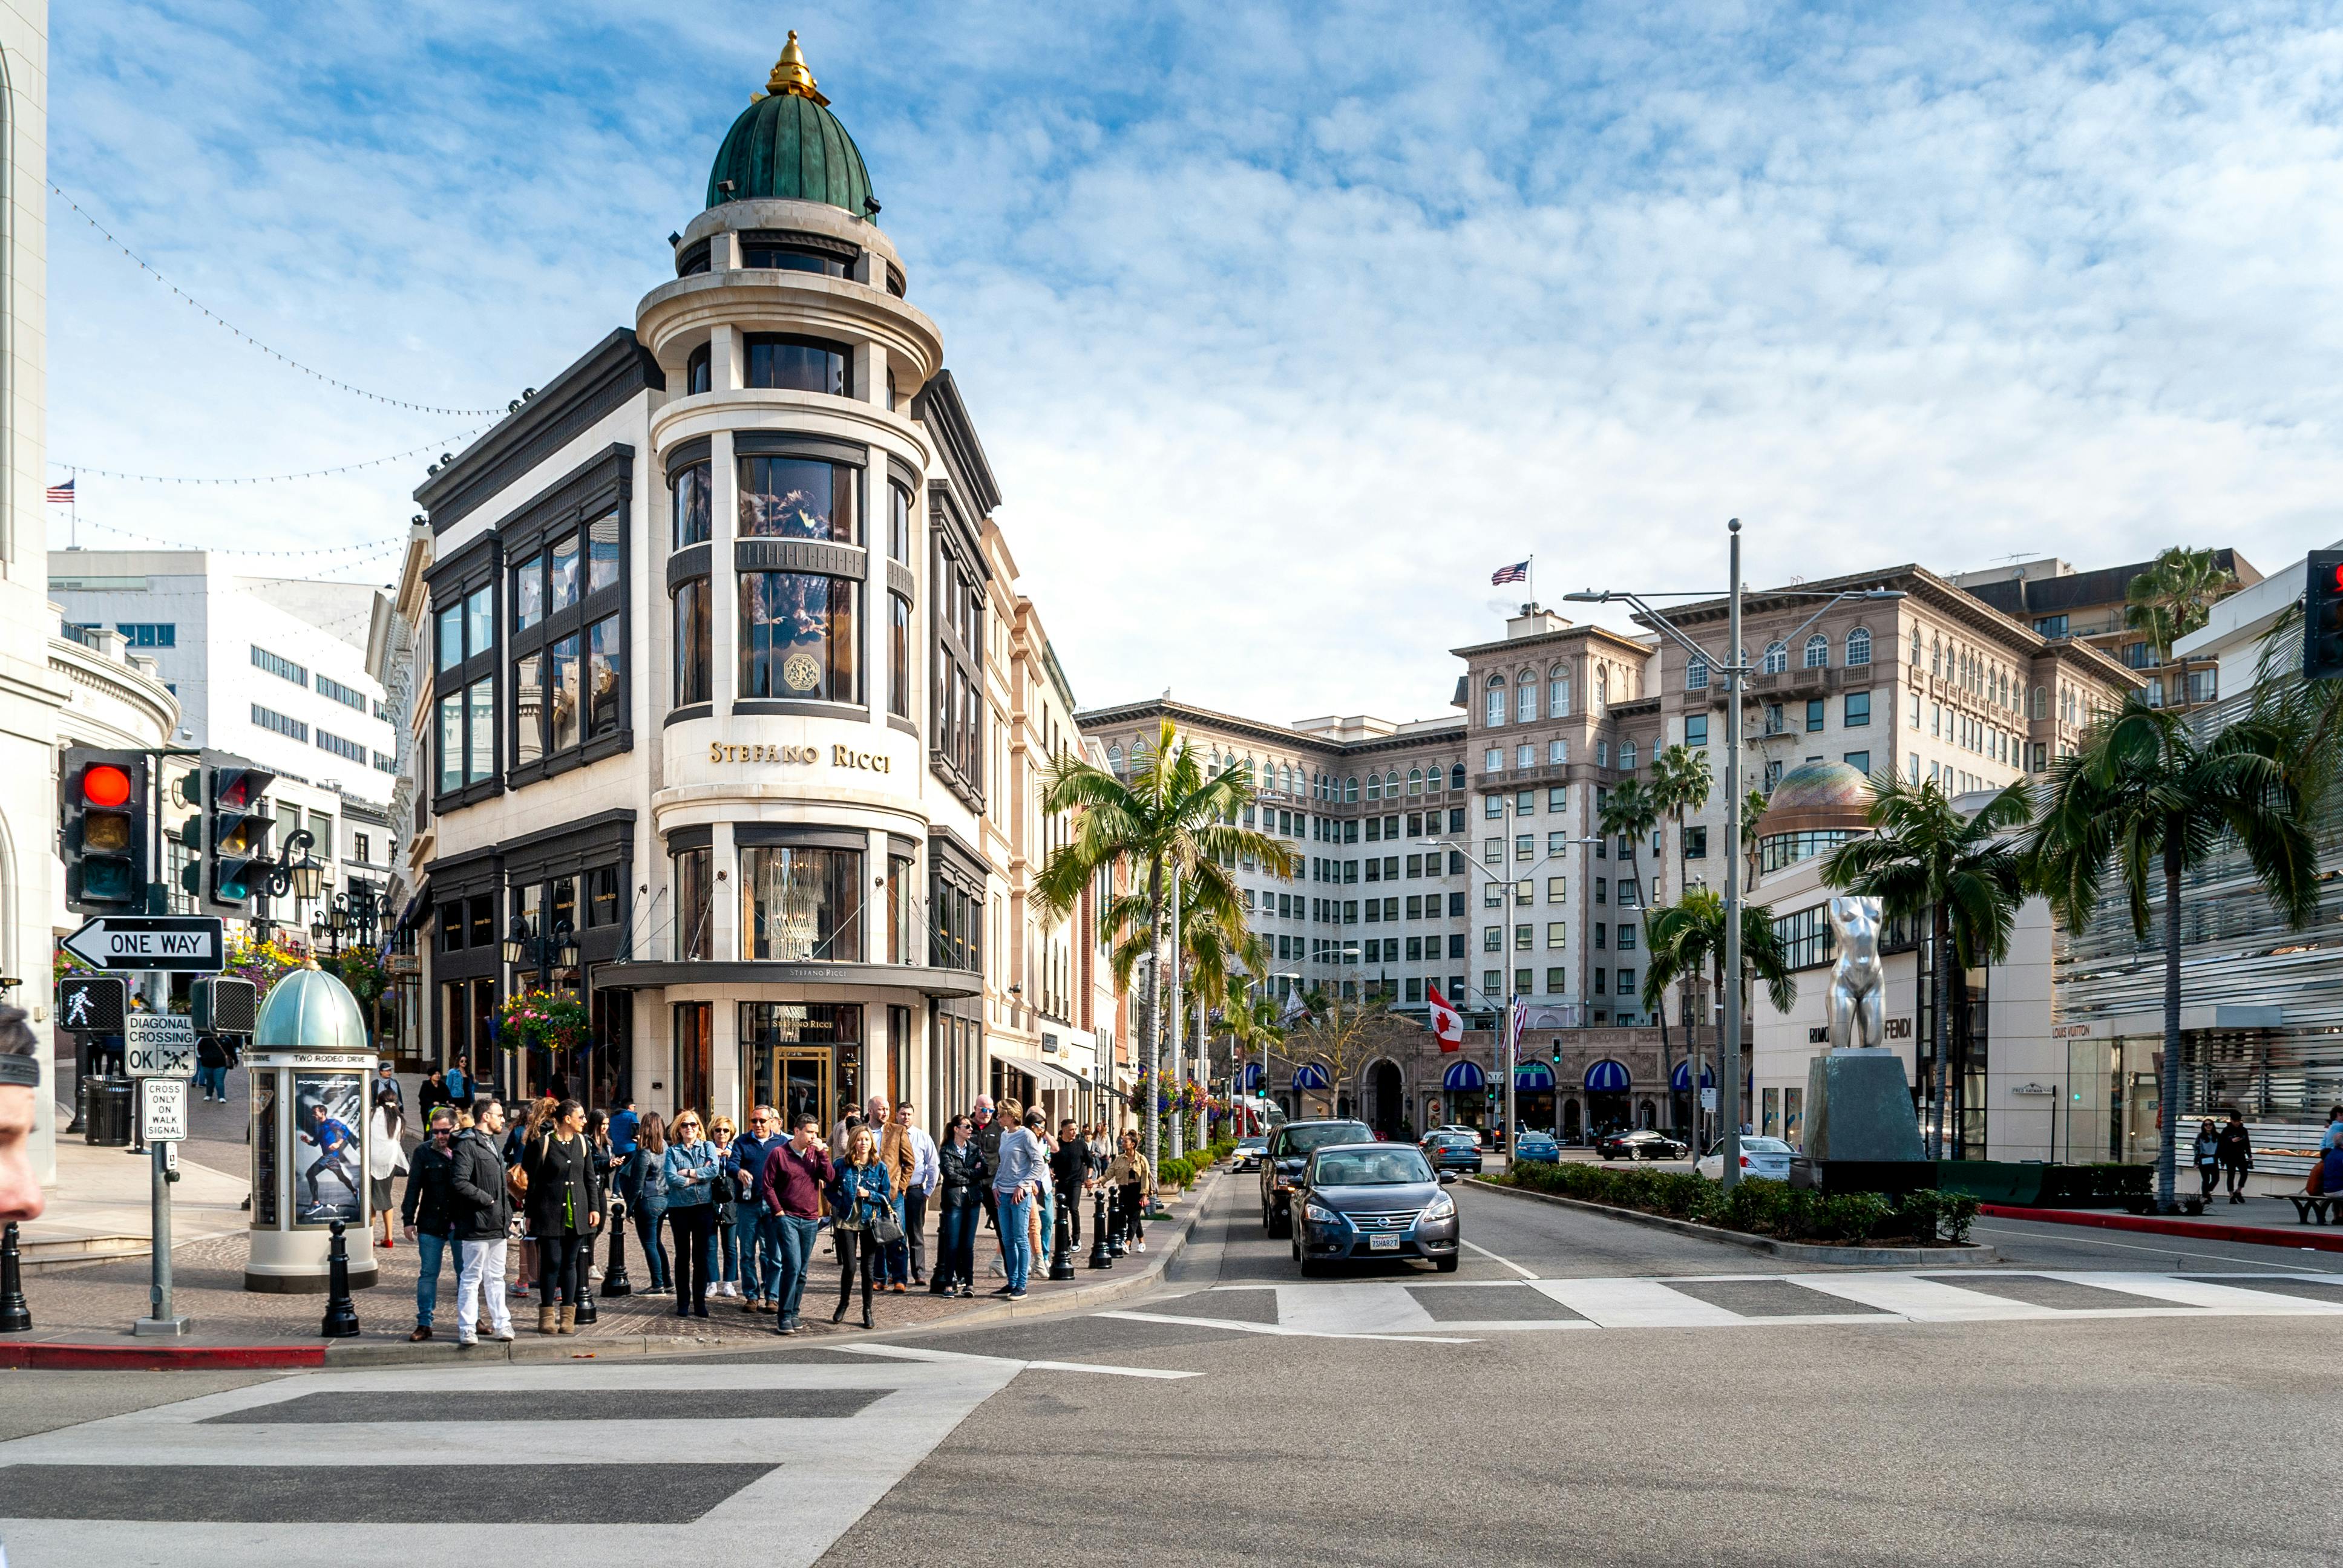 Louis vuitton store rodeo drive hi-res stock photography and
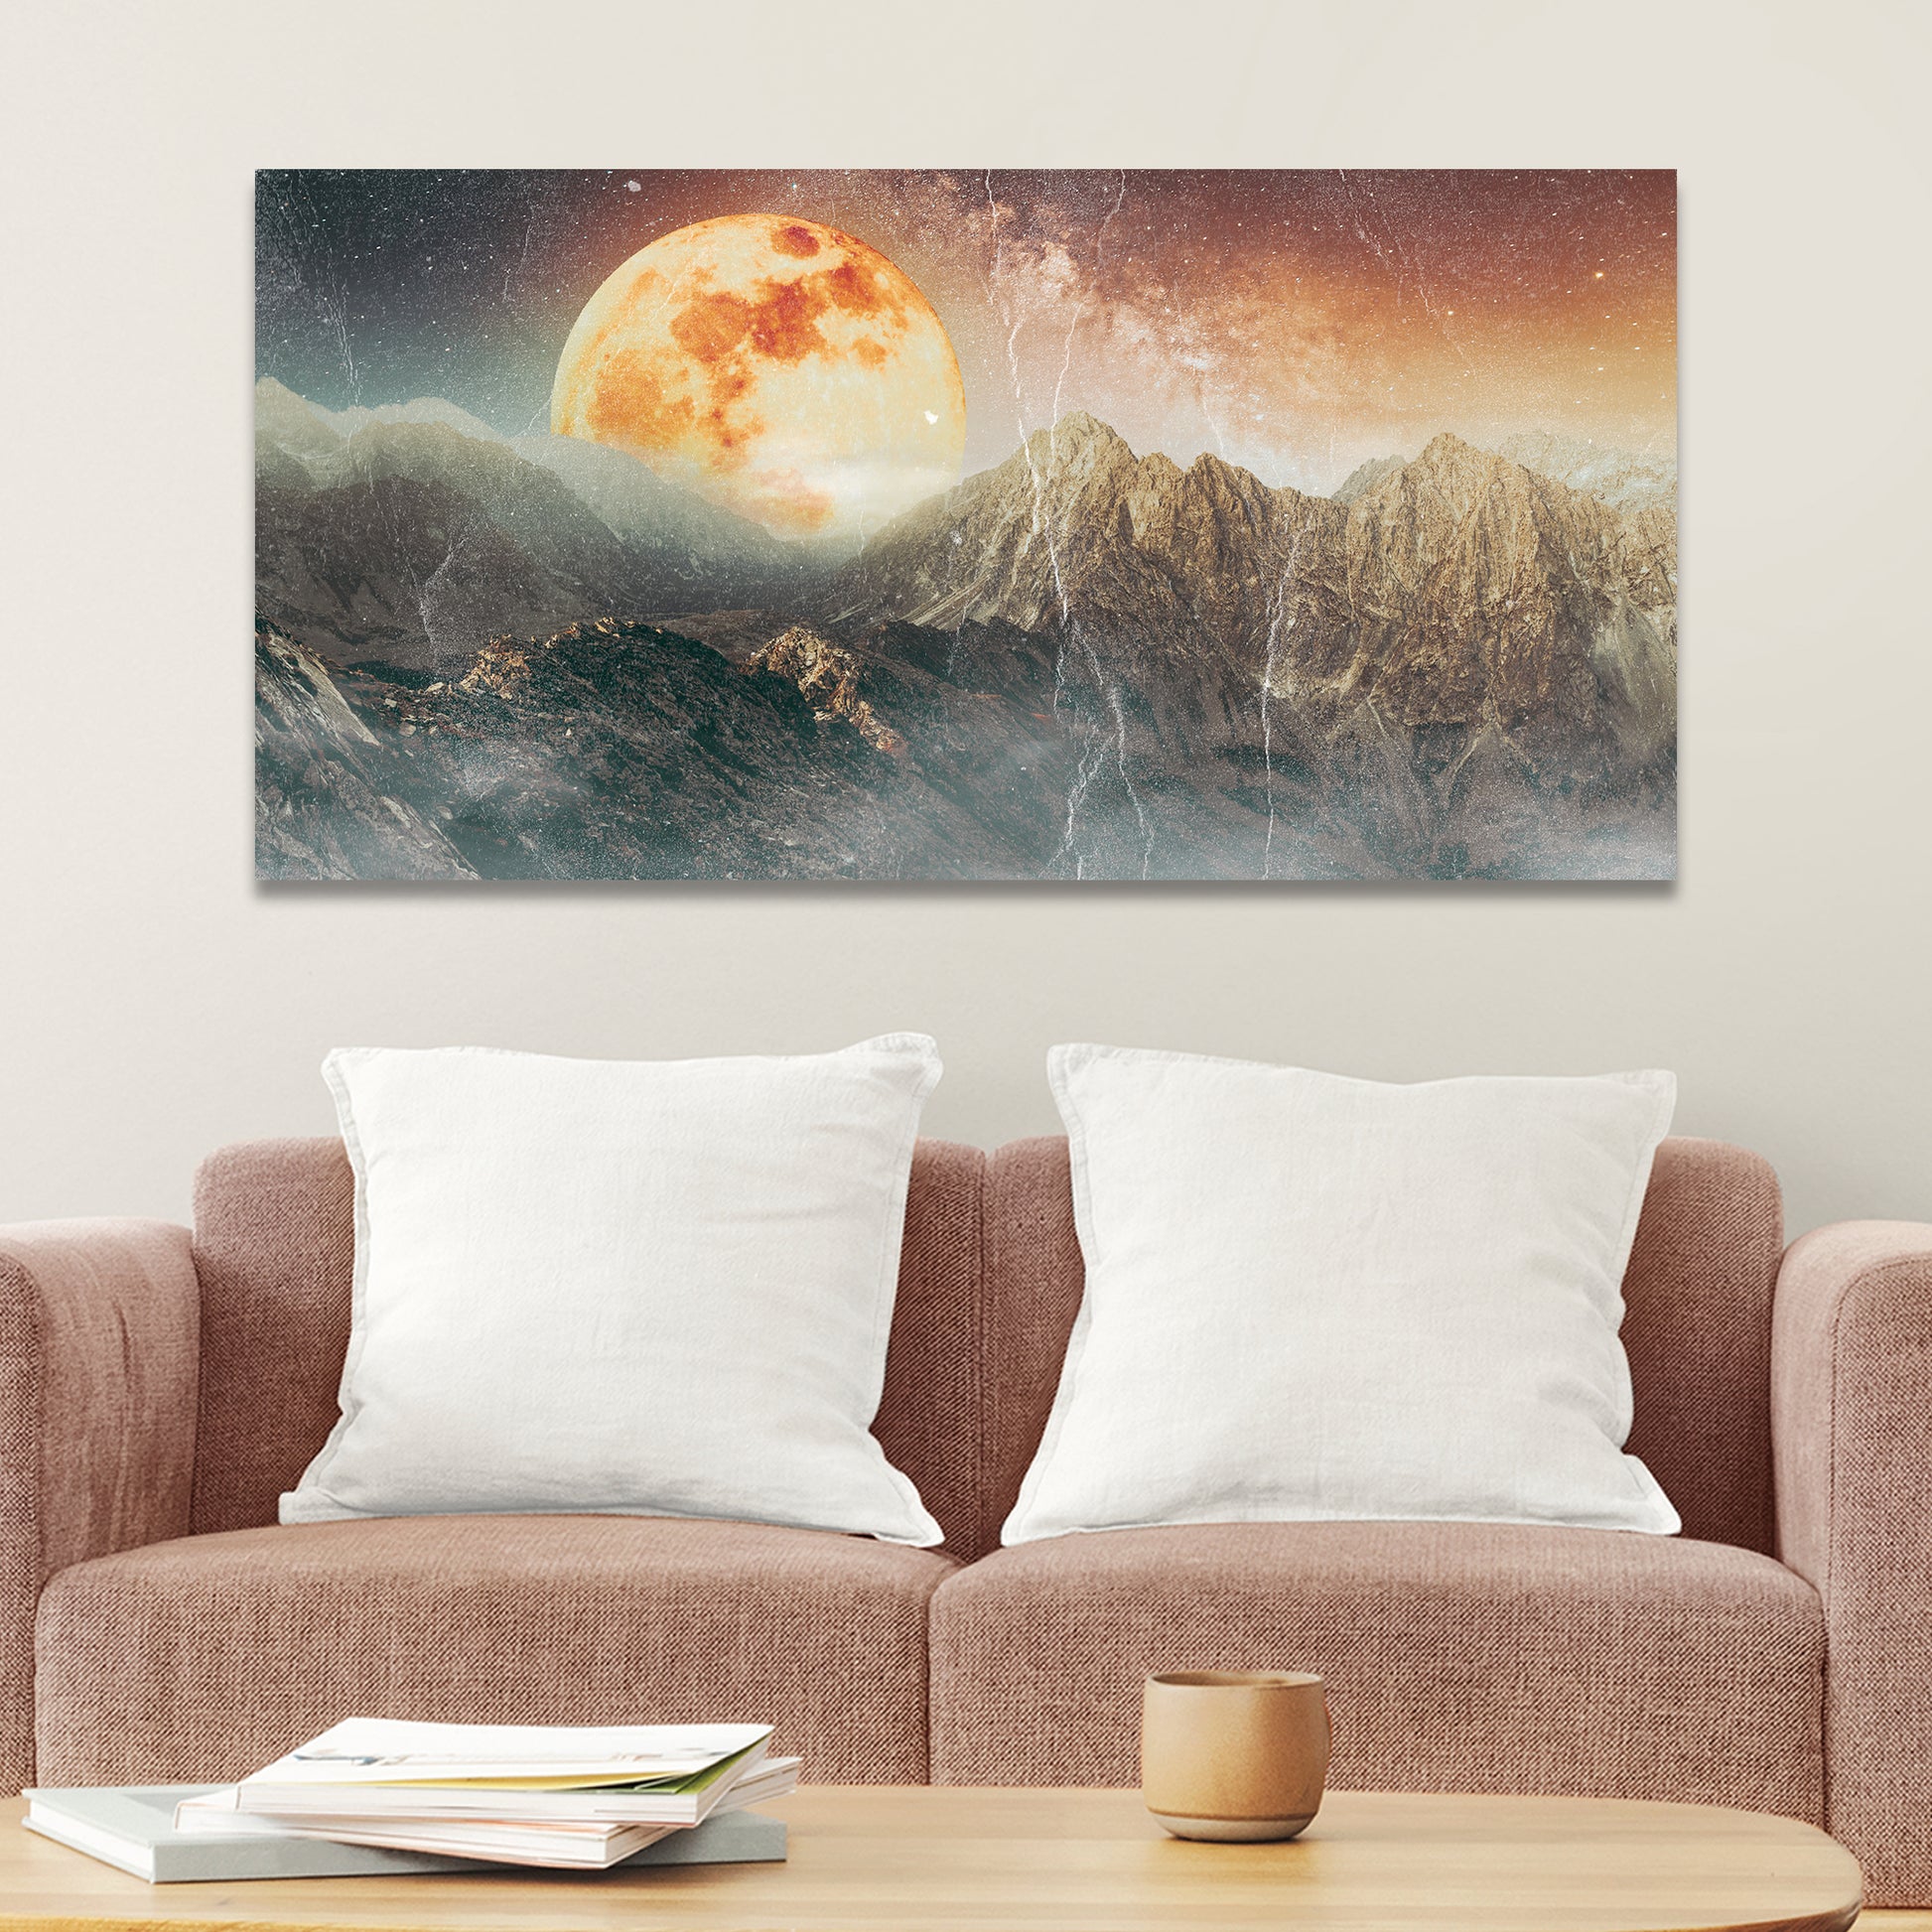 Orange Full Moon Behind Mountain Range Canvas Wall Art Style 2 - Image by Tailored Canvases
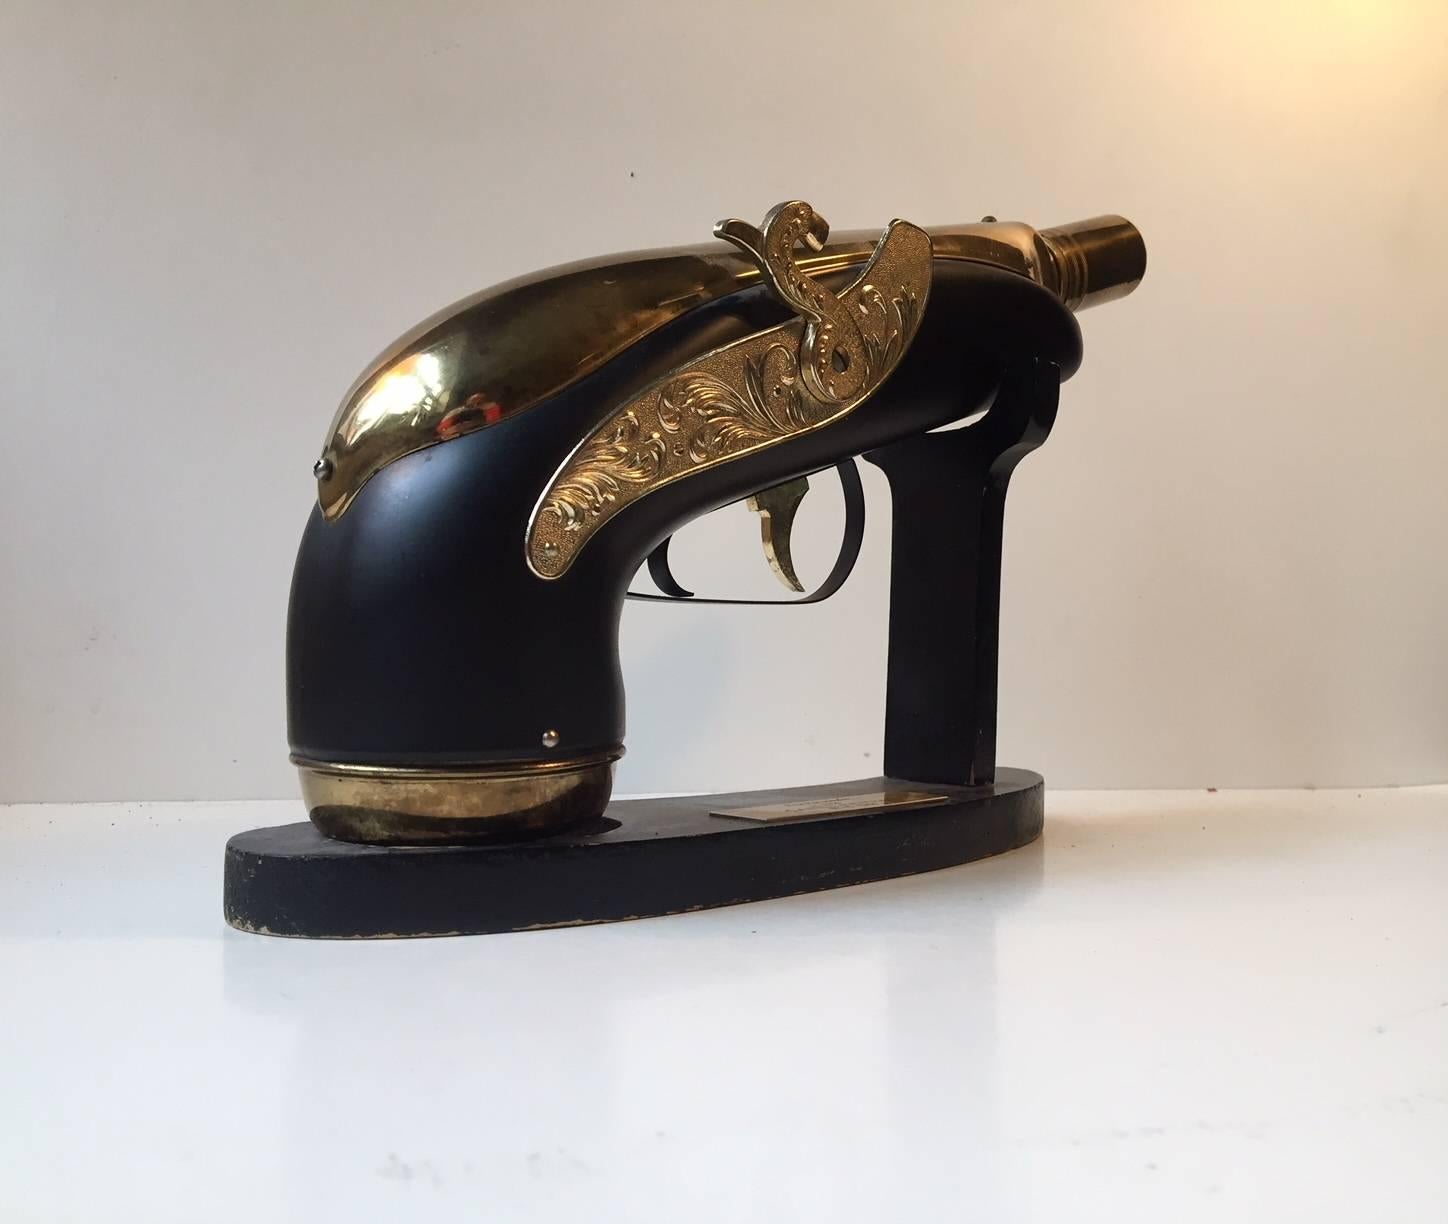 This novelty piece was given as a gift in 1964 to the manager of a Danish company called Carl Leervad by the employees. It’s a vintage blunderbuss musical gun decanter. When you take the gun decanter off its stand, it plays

### What you will do
Without the pictures, retype all of the data above exactly.

### Output for this task
 Louis vuitton store rodeo drive hi-res stock photography and
 Orange Full Moon Behind Mountain Range Canvas Wall Art Style 2 - Image by Tailored Canvases
 This novelty piece was given as a gift in 1964 to the manager of a Danish company called Carl Leervad by the employees. It’s a vintage blunderbuss musical gun decanter. When you take the gun decanter off its stand, it plays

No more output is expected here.